Думается, что сходство этих двух сцен, как и мотивно-образное сходство обоих произведений в целом не случайно. Толстой начал работу над романом еще в конце 1840-х гг. и какие-то фрагменты своего романа читал Н.В. Гоголю и А.О. Смирновой в Калуге уже в 1850 г.[13], но в письмах 18551856 гг. он говорит о романе как о произведении незаконченом. И только в 18591861 гг. Толстой завершает роман, хотя и на этом этапе работает, как обычно, не торопясь. Как известно, Лажечников не препятствовал распространению «Опричника» в рукописи, так как, потерпев неудачу с публикацией драмы и постановкой ее на сцене, он всё же хотел, чтобы пьеса дошла до читателя. Поэтому вполне вероятно, что Толстой мог знать «Опричника» еще в 1840-е гг. и строить свой роман как опыт иного разрешения общей с Лажечниковым художественной задачи. Но возможно, что все эти совпадения появились только в 1859 г., когда Толстой познакомился с пьесой Лажечникова в печати: так долго не дававшийся ему сюжет романа он быстро и удачно простроил с помощью вновь прочитанной пьесы. При этом следует отметить, что оба писателя близки друг другу именно в политическом осмыслении эпохи Иоанна Грозного: здесь у них различий нет.
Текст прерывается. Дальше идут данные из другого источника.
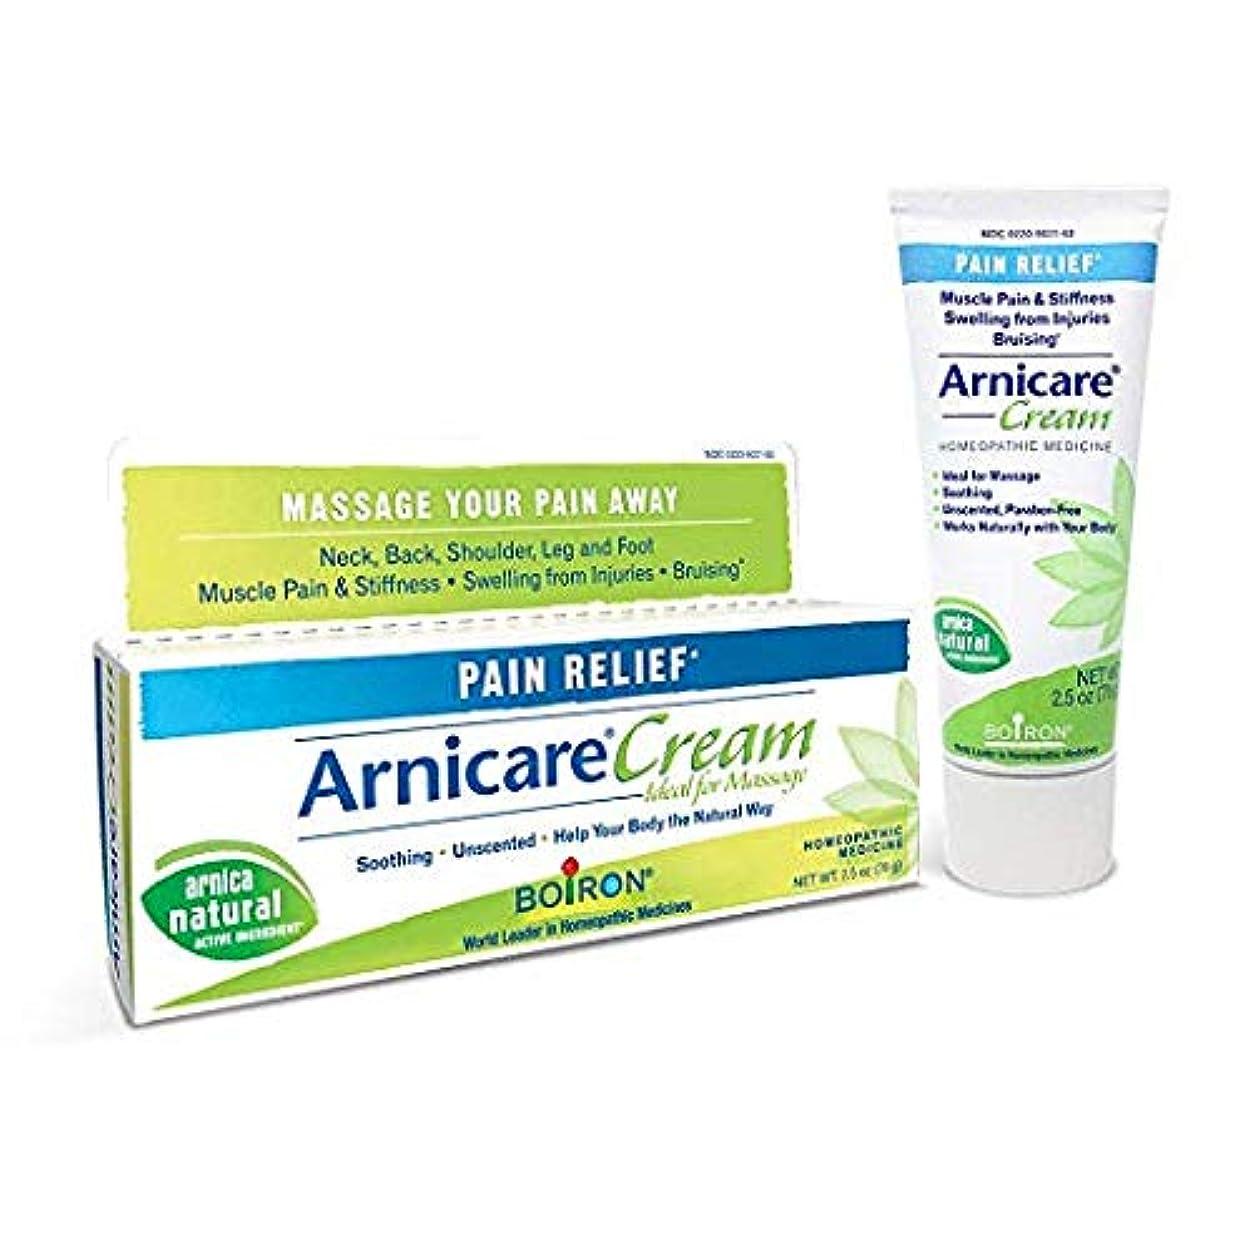 全滅させる二度襲撃ボイロン アルニカクリーム Boiron Arnicare Cream 2.5 Ounces Topical Pain Relief Cream [並行輸入品]

Но Толстой хотел дать дополнительную мотивировку такому характеру, каким был Морозов у Лажечникова и каким он мечтал видеть самого себя и своего князя Серебряного.
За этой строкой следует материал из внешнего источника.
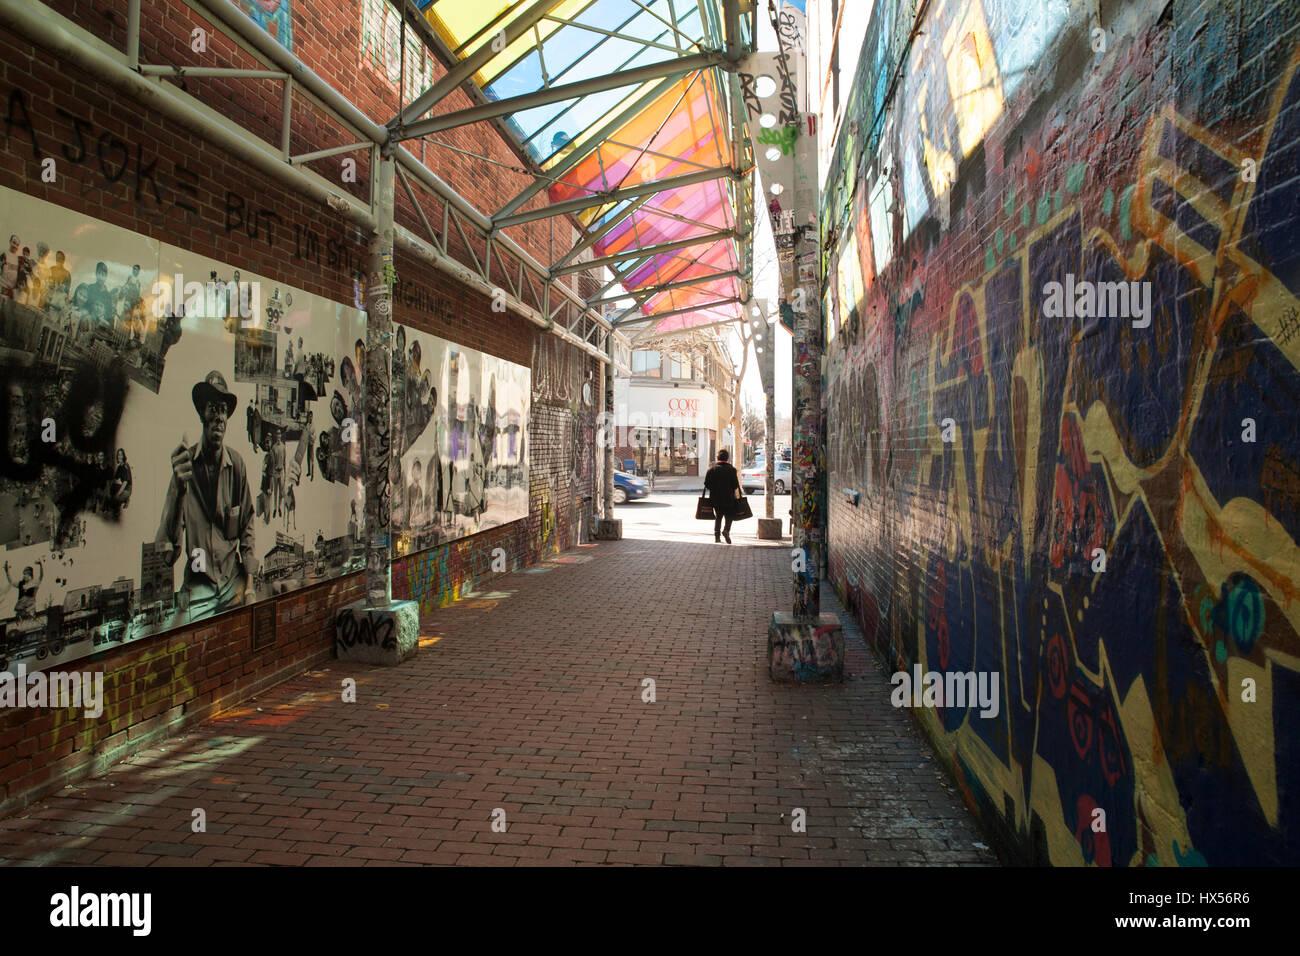 Graffiti wall cambridge ma - Public Art And Graffiti In Central Square Cambridge Massachusetts

Когда так сравниваешь роман Толстого с драмой Лажечникова и другими близкими произведениями, поневоле думаешь: а ведь Толстому не так много пришлось и сочинять. Верно: пришлось ему сочинять не так много. Но сила его в том, что он изумительно удачно сложил уже готовые кубики народного и авторского происхождения и построил из них такую композицию, которой до него не было.

Ивану Грозному принадлежит выражение, которое можно было бы назвать крылатым, если бы не грозный смысл его: «А жаловати есмя своих холопей волны, а и казнити волны же есми были»[14],  так писал он в первом послании к князю Курбскому в июле 1564 г. Герои романа Толстого полностью согласны с этим убеждением, и князь Серебряный говорит: «Впрочем, чему дивиться. Царь волен казнить своих злодеев!» И боярин Морозов отвечает ему: «Кто против этого, князь. На то он царь, чтобы карать и миловать. Только то больно, что не злодеев казнили, а всё верных слуг государевых» И сам Грозный говорит так: «напрасно ты винишь меня, князь. Царь казнит тех, на кого злобу держит, а в сердце его не волен никто. Сердце царево в руце Божией, говорит писание».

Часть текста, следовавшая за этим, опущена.